The exaggerated attention given to Vimy might well be explained by two recurring factors that appear in every involvement by Canada in someone else’s war, from 1899 to the present. They are military skill and bravery in spite of poor leadership, and longing for recognition.

There is usually some truth in every myth. On Easter Monday, 1917, Canadian-led forces fighting together for the first time captured a piece of terrain allied forces had been unable to secure. The victory did not change the strategic situation. It was, in fact, part of a larger offensive that failed badly. And it was all part of a petty European squabble that got horribly out of hand, killing 60,000 Canadians and as many as 13 million civilians.

The Canadians who took Vimy Ridge, some of whom were children, were fighting under abominable conditions in a senseless war that should have ended a year earlier after the bloodbath at the Somme. They were not fighting for freedom, justice, democracy or to end wars. By this time, most were just trying to improve the chance that they and their friends would survive.
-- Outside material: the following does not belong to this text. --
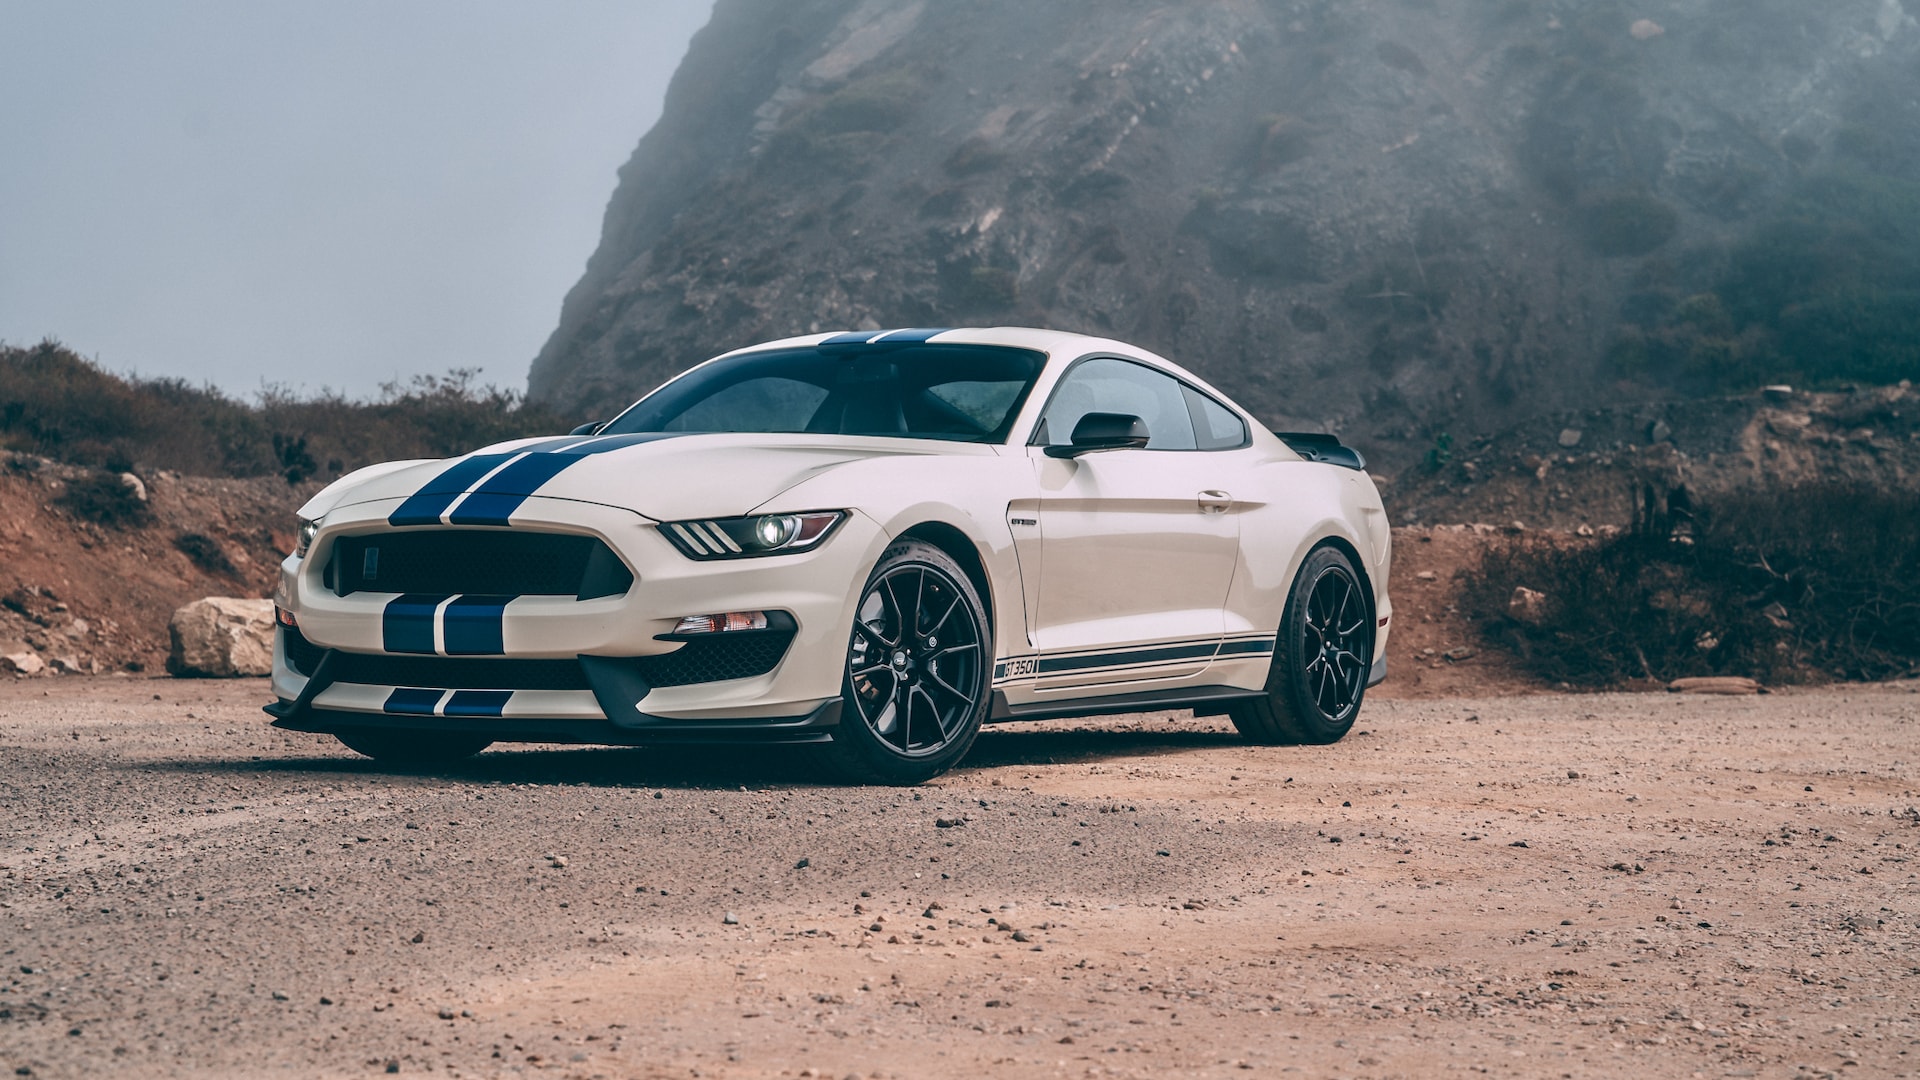 2020 Ford Mustang Shelby GT350 Heritage Edition: A Final Drive to Remember

Those chances were not improved by the fact that they were under the overall command of British General Douglas Haig, who considered that the war was not going well on any day that 5,000 of his own troops were not killed. His staff began to refer to that number as “normal wastage.” Haig then looped them back to Ypres, and over the objections of Canadian commanders, assigned them a new ridge: Passchendaele.

There, thousands did not “fall bravely in battle.” They drowned in mud. Not mud as we know it, but a foul-smelling gumbo spiced with the bloated corpses of their comrades.
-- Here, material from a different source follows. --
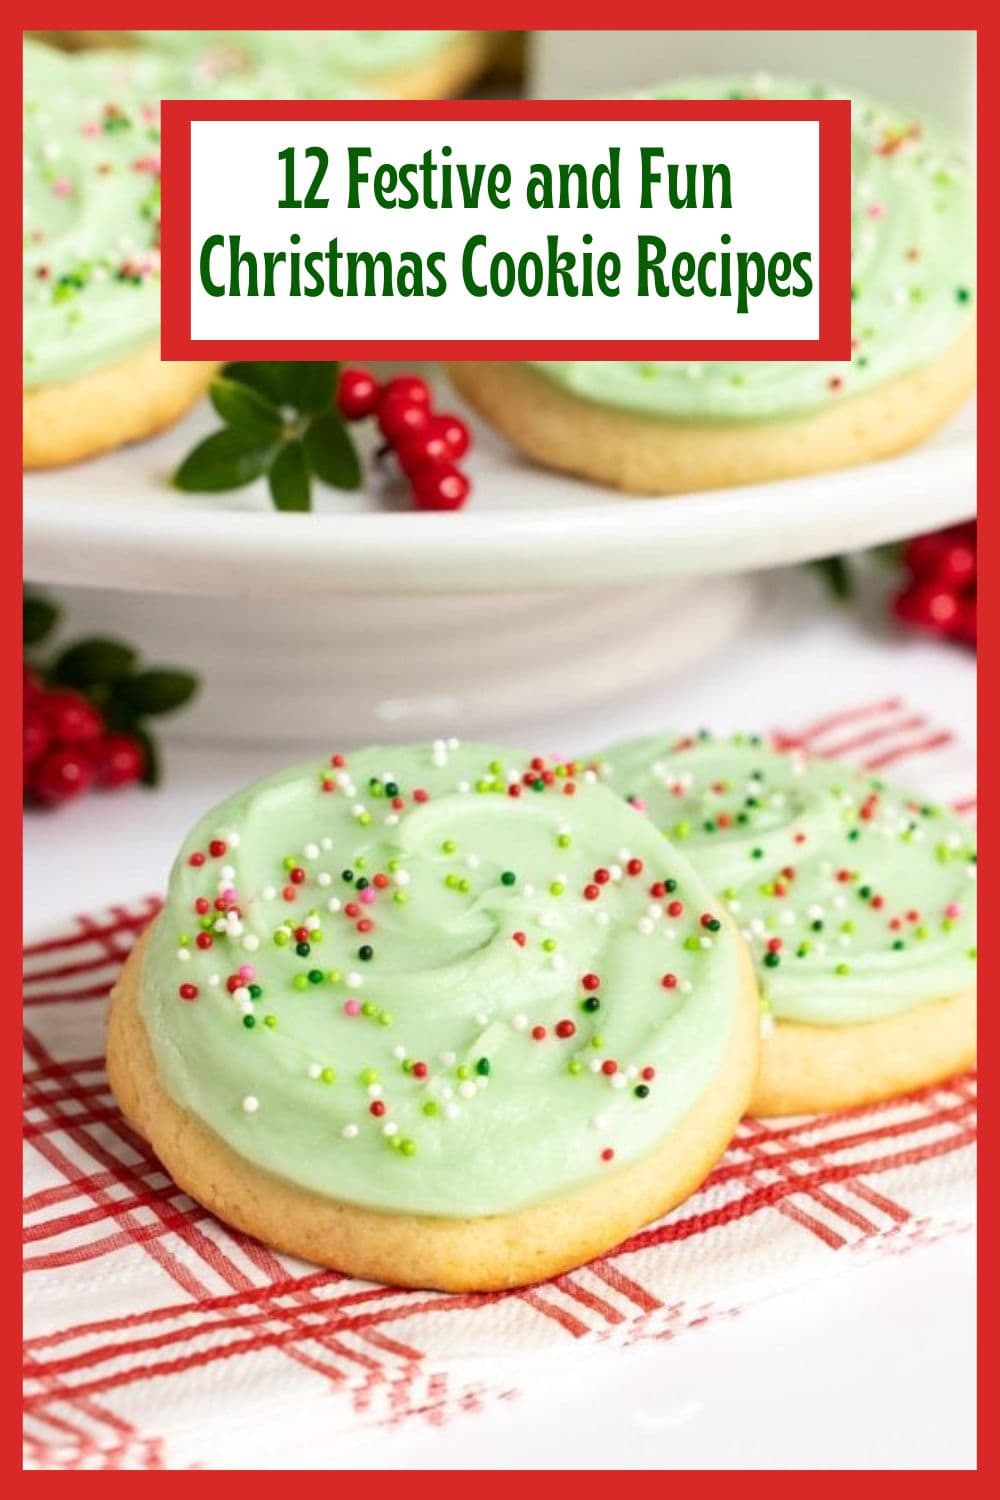 12 Easy, Festive Christmas Cookie Recipes for Your Holiday Arsenal

Shouldn’t it be possible to remember respectfully the core truth of the Vimy myth, to honour Canadian troops, understand the national pride produced and leave it at that?
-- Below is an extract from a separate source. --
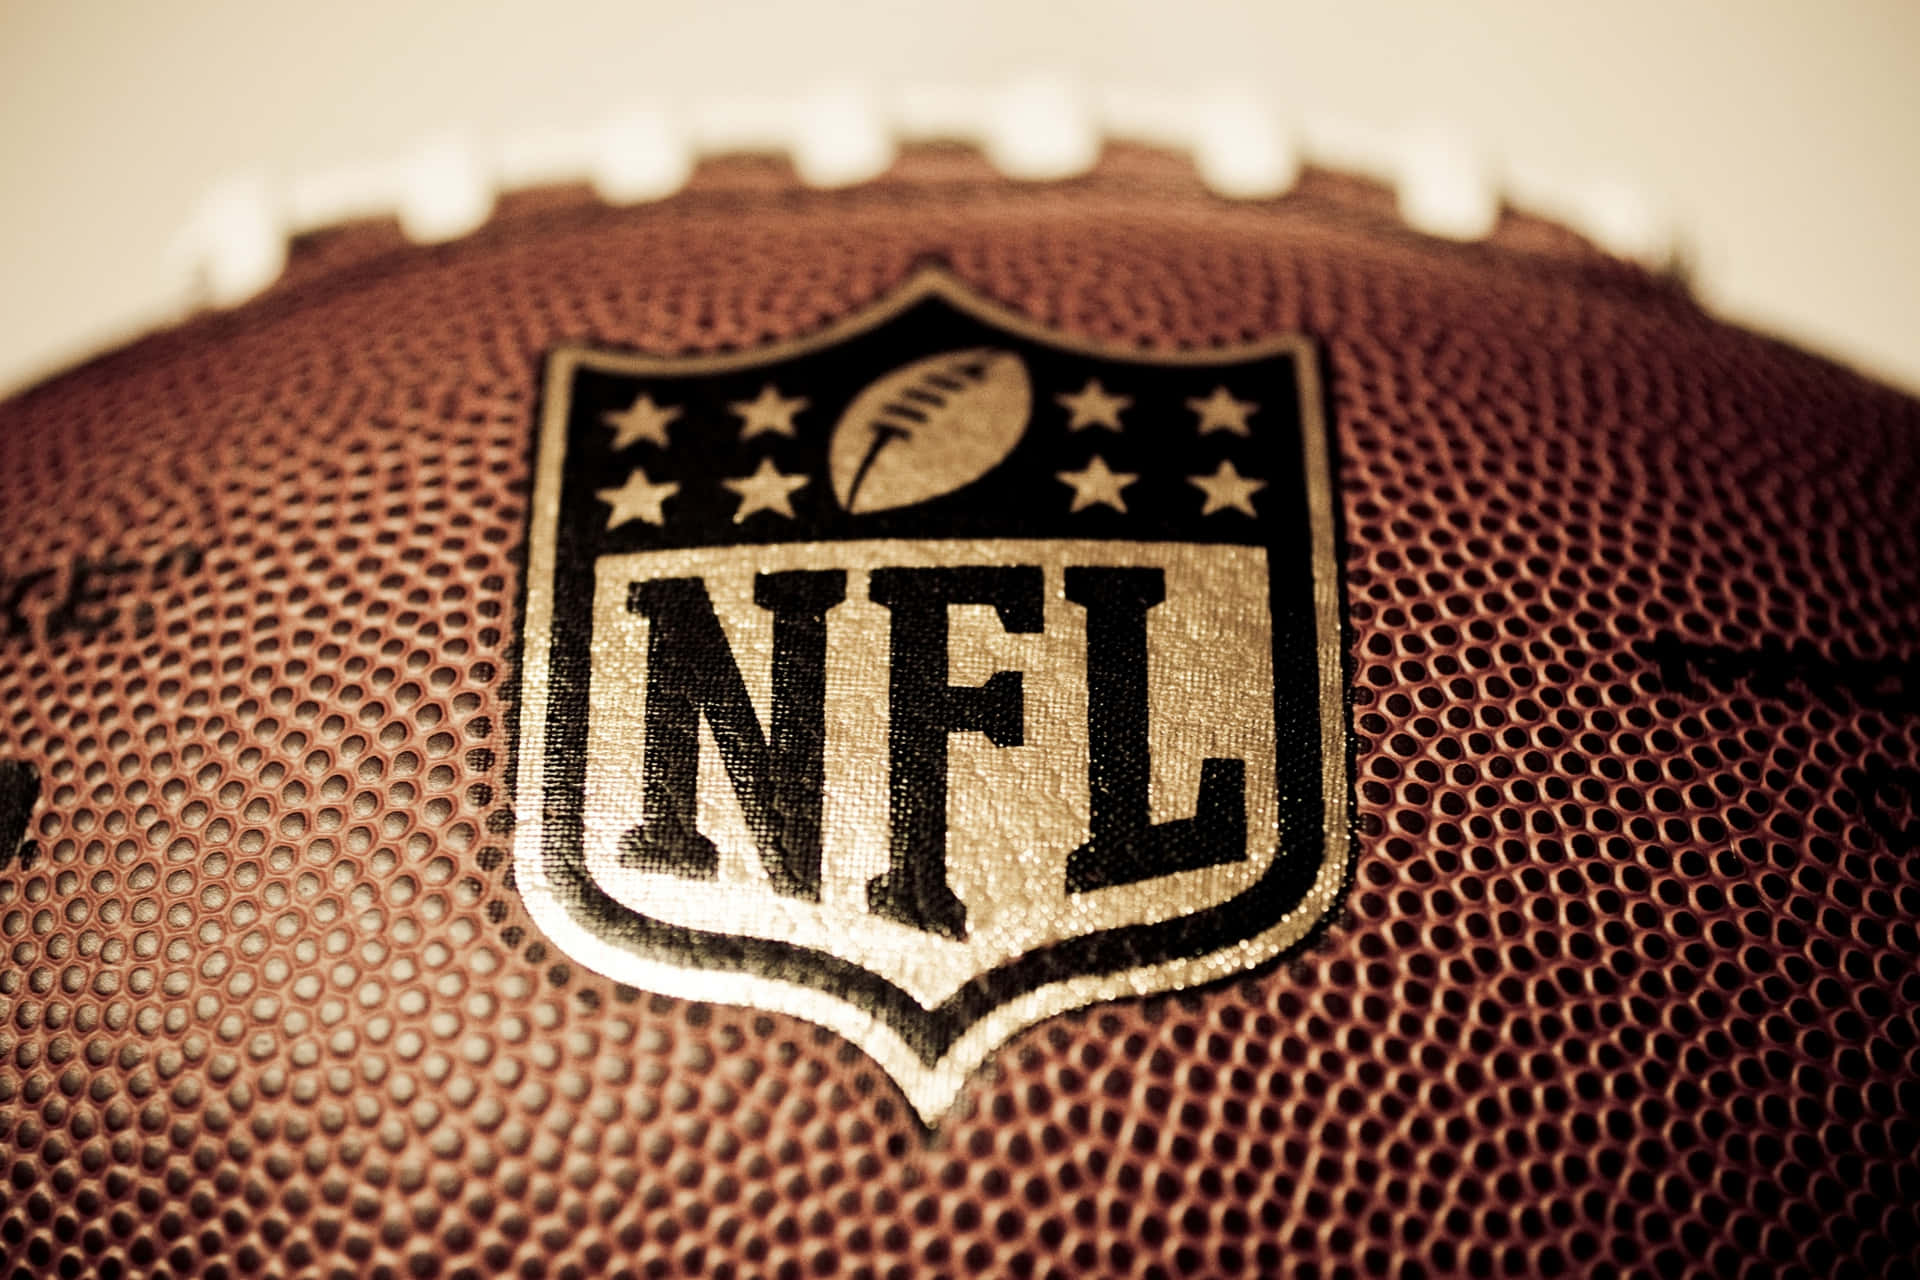 Touchdown! Football Season Is Here With Hd Nfl Background

Canada did not come of age at Vimy in any meaningful sense. She has continued to fight other people’s wars at the behest of powerful patrons, ceding control of decisions about expenditure of blood and treasure and being complicit in killing civilians, torture, abuse of child soldiers. To what end? There is always another terrible enemy. If we could just help defeat them, peace would come. In truth, it is the war-makers who are naïve.

With this history, the need has never been greater for a national conversation about extricating ourselves from fealty to foreign patrons and claiming the right to make our own decisions. I might not like our decisions, but we need to be free to make them. Our current patron is a corrupt and dangerous regime.

Until we stop celebrating our non-existent international influence and have that conversation, we continue down the same path. That includes complicity in the recent killing of more than 100 civilians in Mosul. Canada might have stopped direct bombing, but our Polaris refuelling project literally fuels the bombing and resulting civilian deaths.

The conversation needs to include funding priorities. Canada’s military expenditures have been rising for 20 years. Last year, they reached $28 billion. Spending on environment and climate change, the greatest threat to our security, has remained flat at about $1 billion.

Yet the Department of National Defence will soon tell us that its 2016 review shows a need for more weapons. More bombers. More submarines. To what end? Peace? Security? Please.

The Canucks and Royals are done. Now is the time to talk.

 

William Geimer is a veteran of the U.S. 82nd Airborne Division, and a retired lawyer and law professor. His latest book is Canada: The Case for Staying Out of Other People’s Wars.